### WHAT IS EXPECTED
Omit the pictures and return exactly the stretch of the material below from the line with "różnych kolorowych zabawek." through the line with "Papeterie un tiroir".

### RECORDS
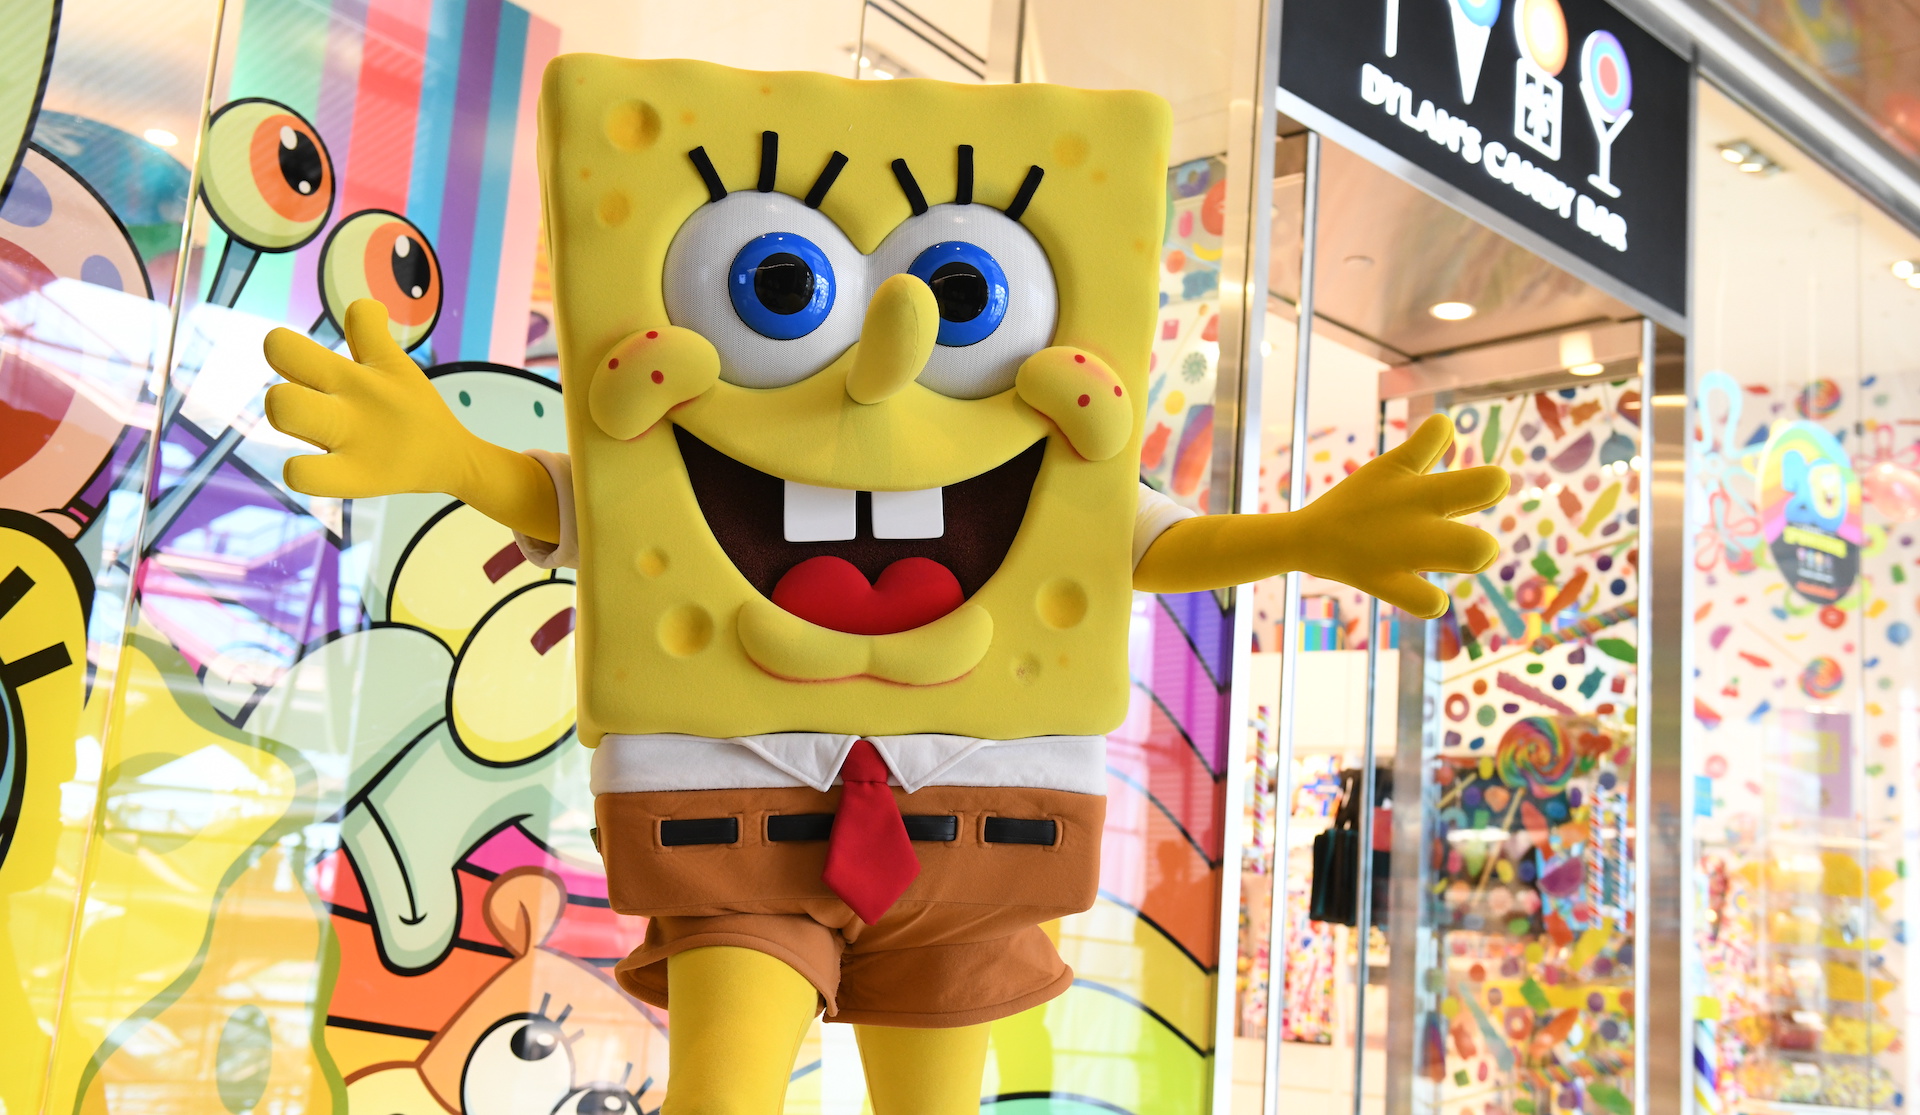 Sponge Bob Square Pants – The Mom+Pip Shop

* * *

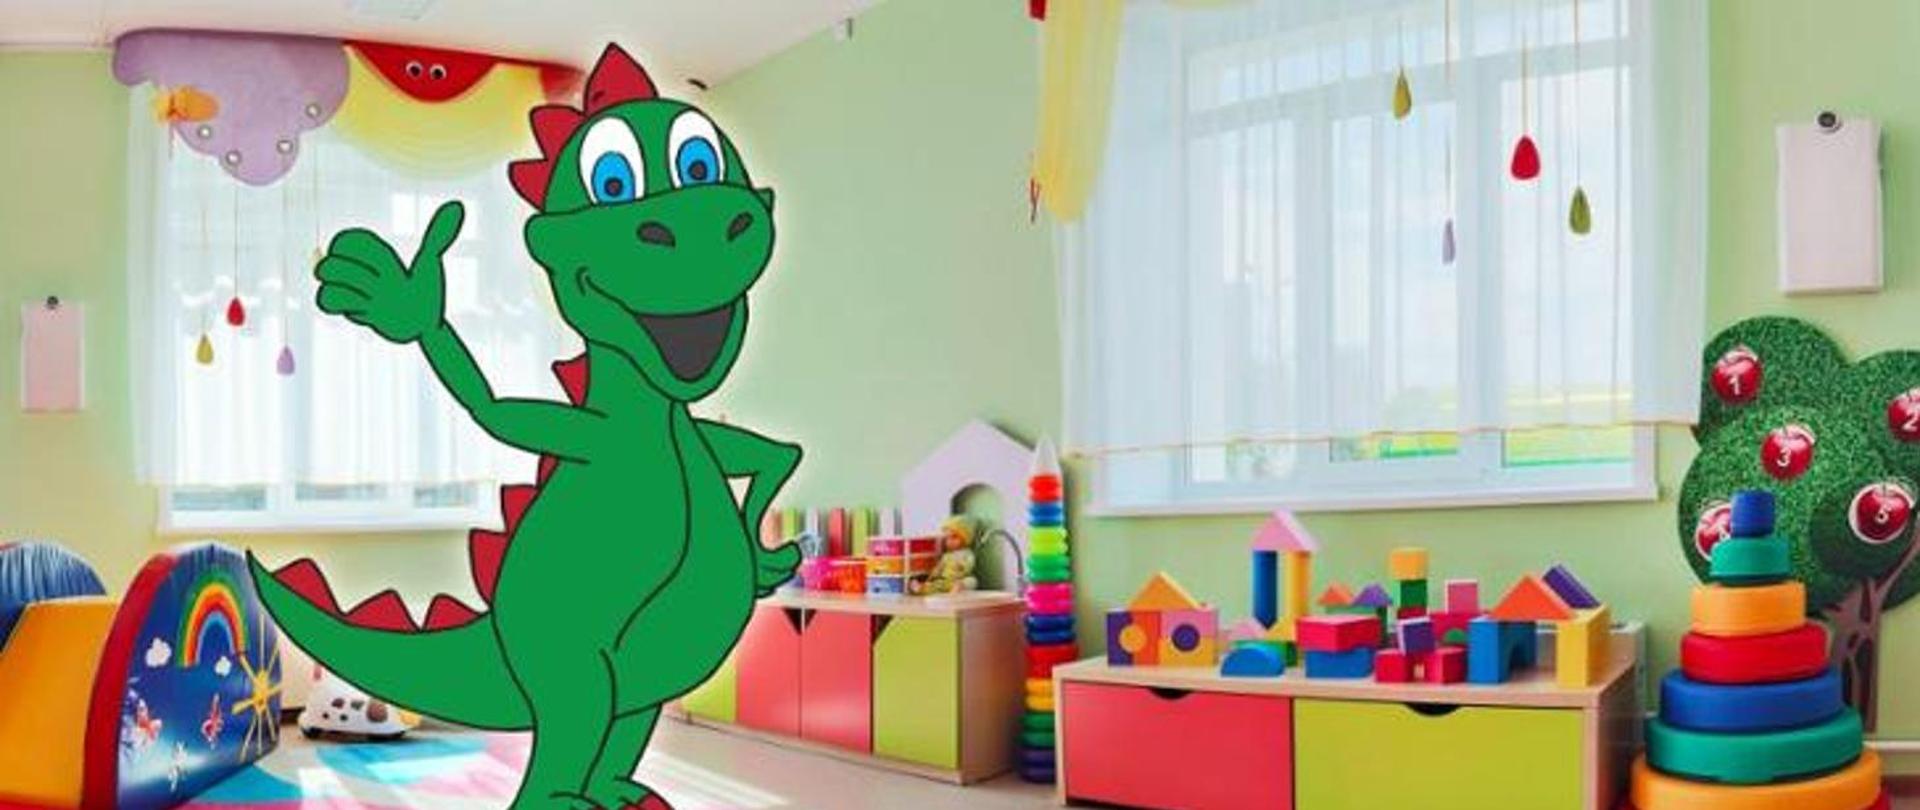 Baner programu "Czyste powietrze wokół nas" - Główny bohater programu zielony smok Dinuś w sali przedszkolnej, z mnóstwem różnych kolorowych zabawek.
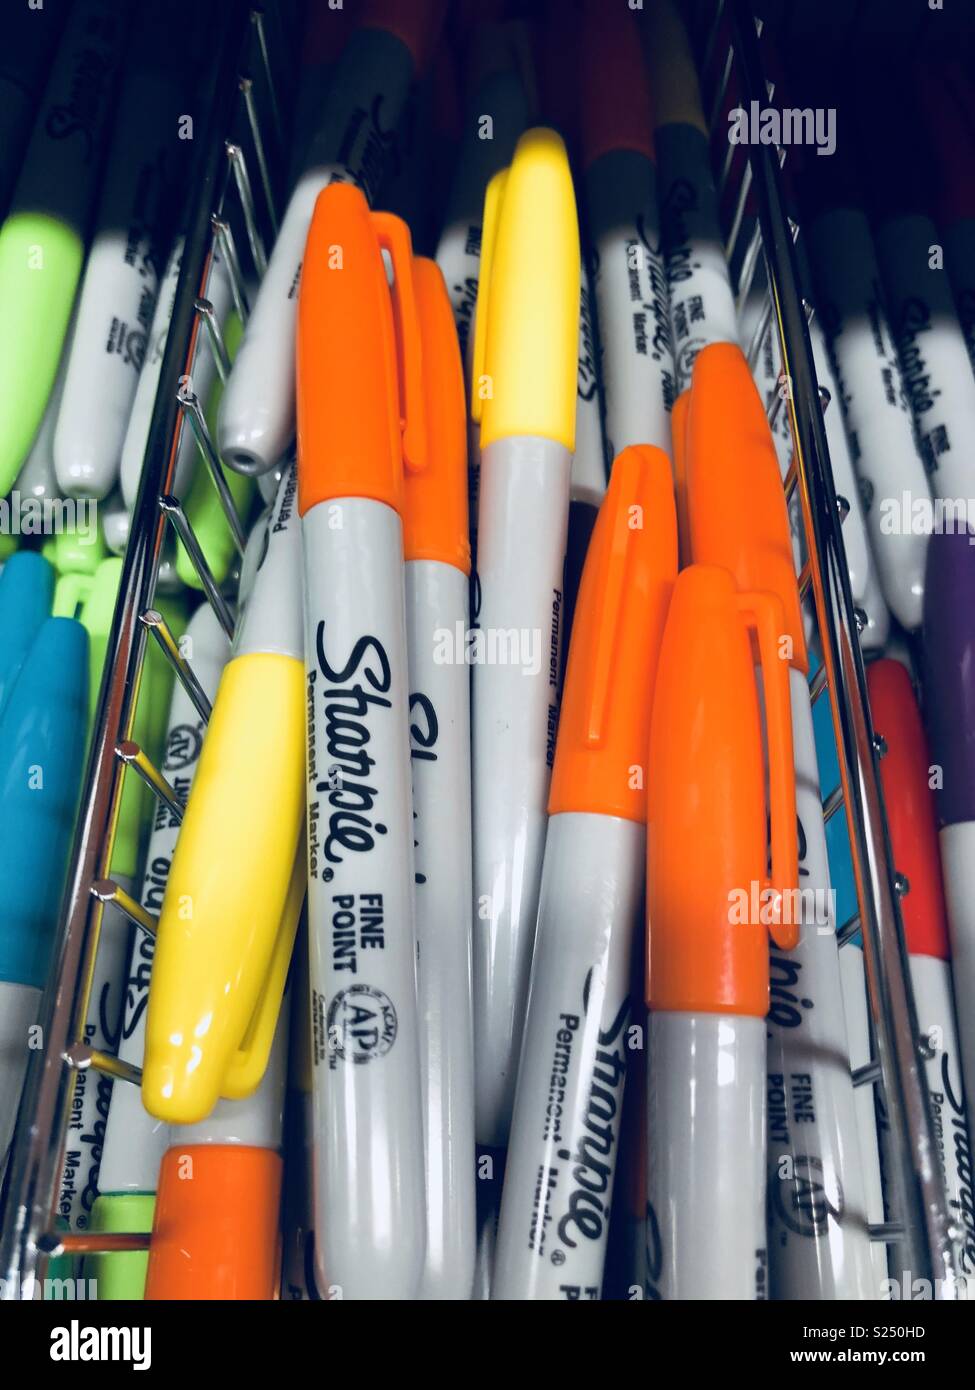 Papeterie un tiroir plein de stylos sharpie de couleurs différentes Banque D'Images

### TASK RESULT
 Baner programu "Czyste powietrze wokół nas" - Główny bohater programu zielony smok Dinuś w sali przedszkolnej, z mnóstwem różnych kolorowych zabawek.
 Papeterie un tiroir plein de stylos sharpie de couleurs différentes Banque D'Images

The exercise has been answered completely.